What This Document Is
This document is a study guide for the midterm exam in Chamberlain University’s Advanced Pharmacology Fundamentals (NR 565) course. It’s designed to help students review key concepts and prepare for assessment on topics covered in the first two weeks of the course. The guide focuses on legal and ethical considerations for prescribing, pharmacokinetics, and specific drug classifications.
Why This Document Matters
This study guide is essential for NR 565 students preparing for their midterm. It consolidates important information regarding prescriptive authority, drug scheduling, and physiological changes impacting medication effects – all crucial for advanced practice nursing. It’s most useful when used *in conjunction with* course lectures, readings, and other learning materials. This guide exists to help students efficiently focus their study efforts.
Common Limitations or Challenges
This study guide is a *review* tool, not a comprehensive textbook replacement. It highlights key areas but doesn’t provide in-depth explanations of all pharmacological principles. It won’t substitute for a thorough understanding of the course material. Users will still need to consult their textbooks, lecture notes, and other resources for a complete grasp of the concepts.

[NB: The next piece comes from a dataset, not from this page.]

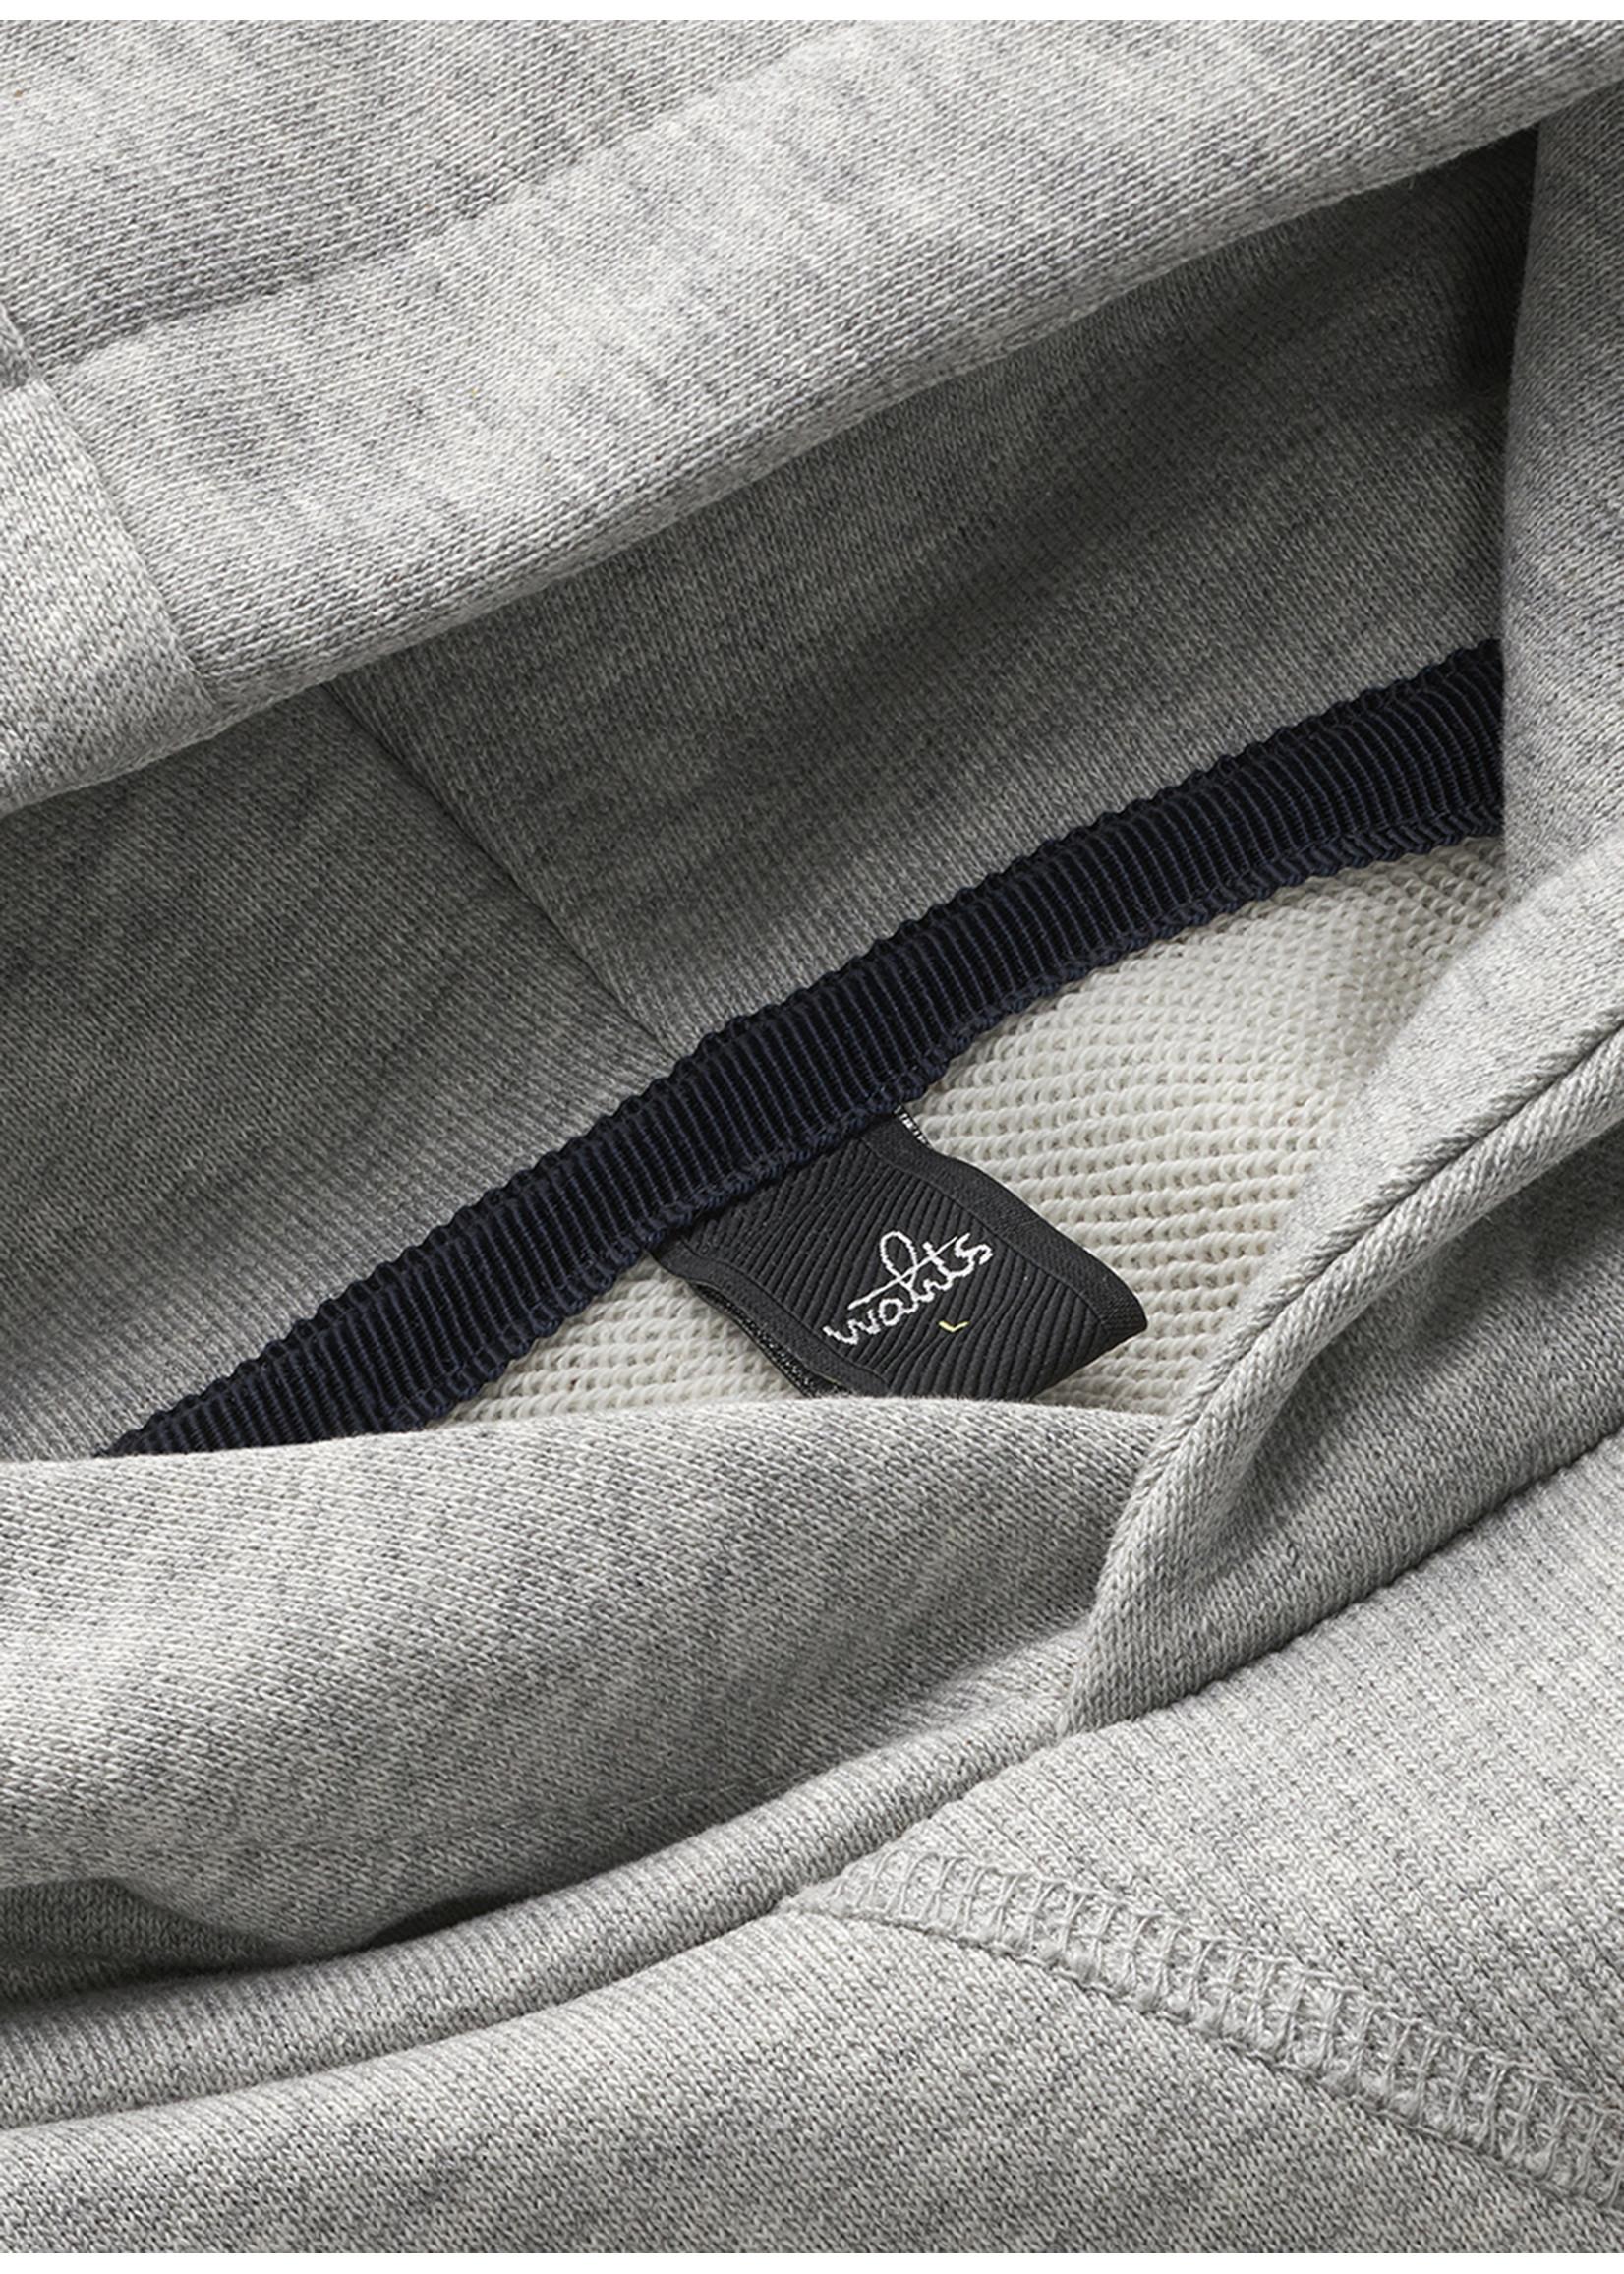 Wahts Vance hooded sweatshirt light grey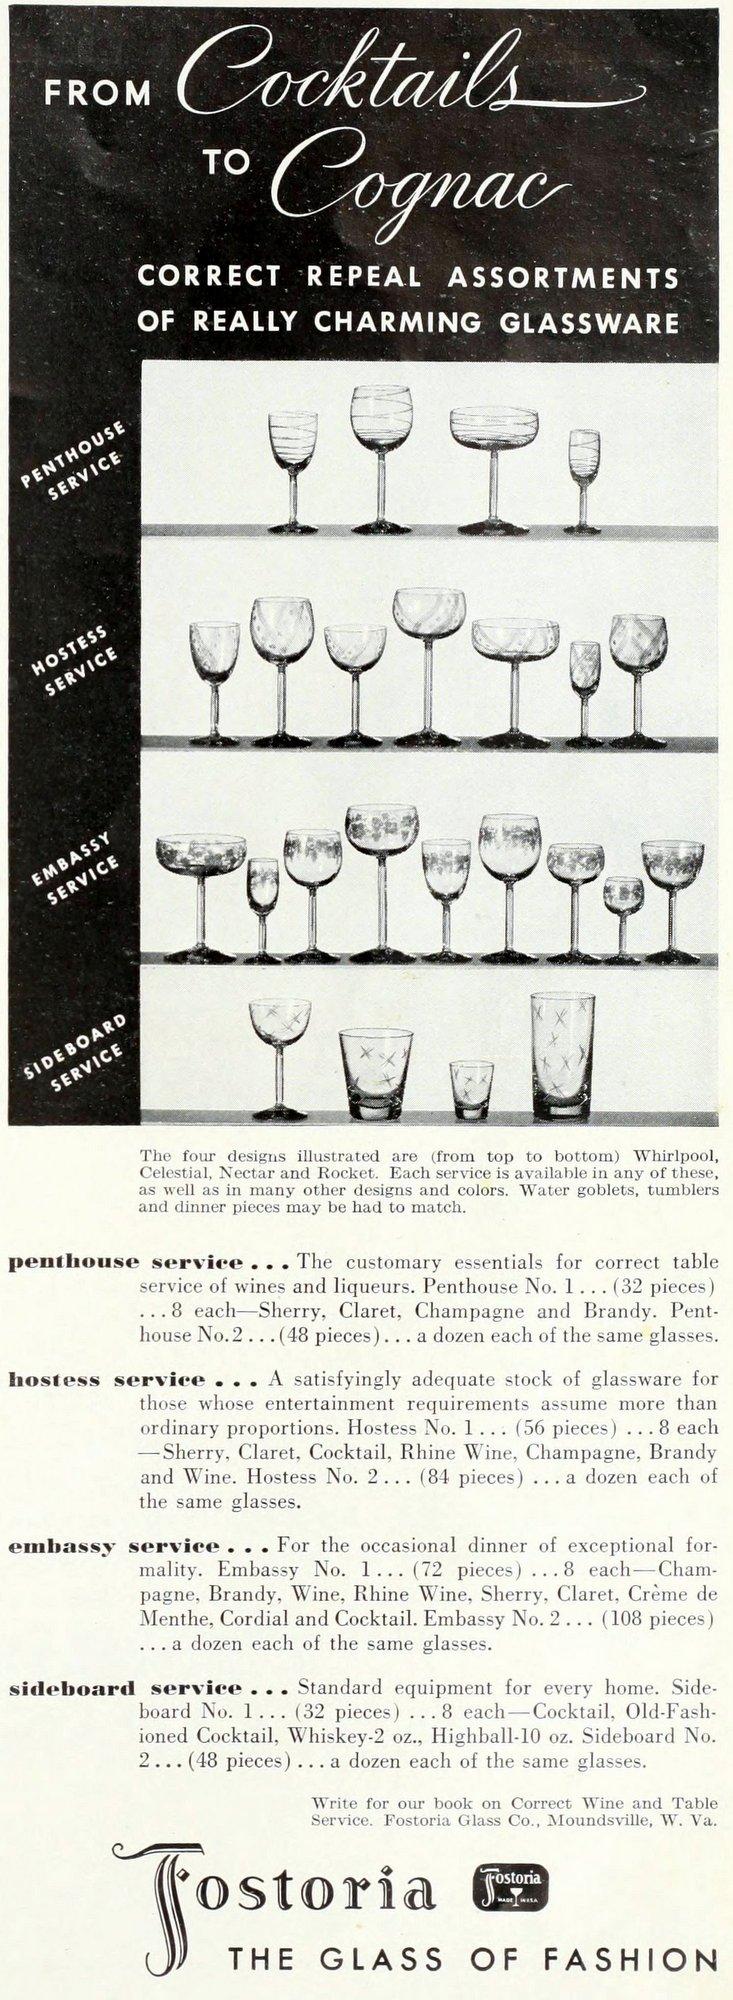 Old Fostoria glasses (1934)

What This Document Provides
This study guide includes:
* An overview of drug schedules (I-V) and which schedules nurse practitioners can prescribe.
* Definitions and explanations of prescriptive authority and related state regulations.
* Key responsibilities associated with prescribing medications.
* Factors influencing patient medication adherence.
* Guidelines for evidence-based treatment recommendations.
* Physiological changes associated with aging and their impact on pharmacokinetics (absorption, distribution, metabolism, excretion) – including a table summarizing these changes.
* An overview of Beer’s Criteria and medications to avoid in older adults.
* Lists of CYP450 inducers and inhibitors.
* Information on opioid agonists.
* Discussion of poor metabolism phenotypes and their consequences.
* The role of governmental agencies (like the FDA) in prescription drug regulation.
* Black box warnings for pain medications and indicators of potential substance abuse disorder.
This preview *does not* include the full details of black box warnings, specific examples beyond those listed, or comprehensive explanations of all concepts. It also does not contain practice questions or detailed case studies.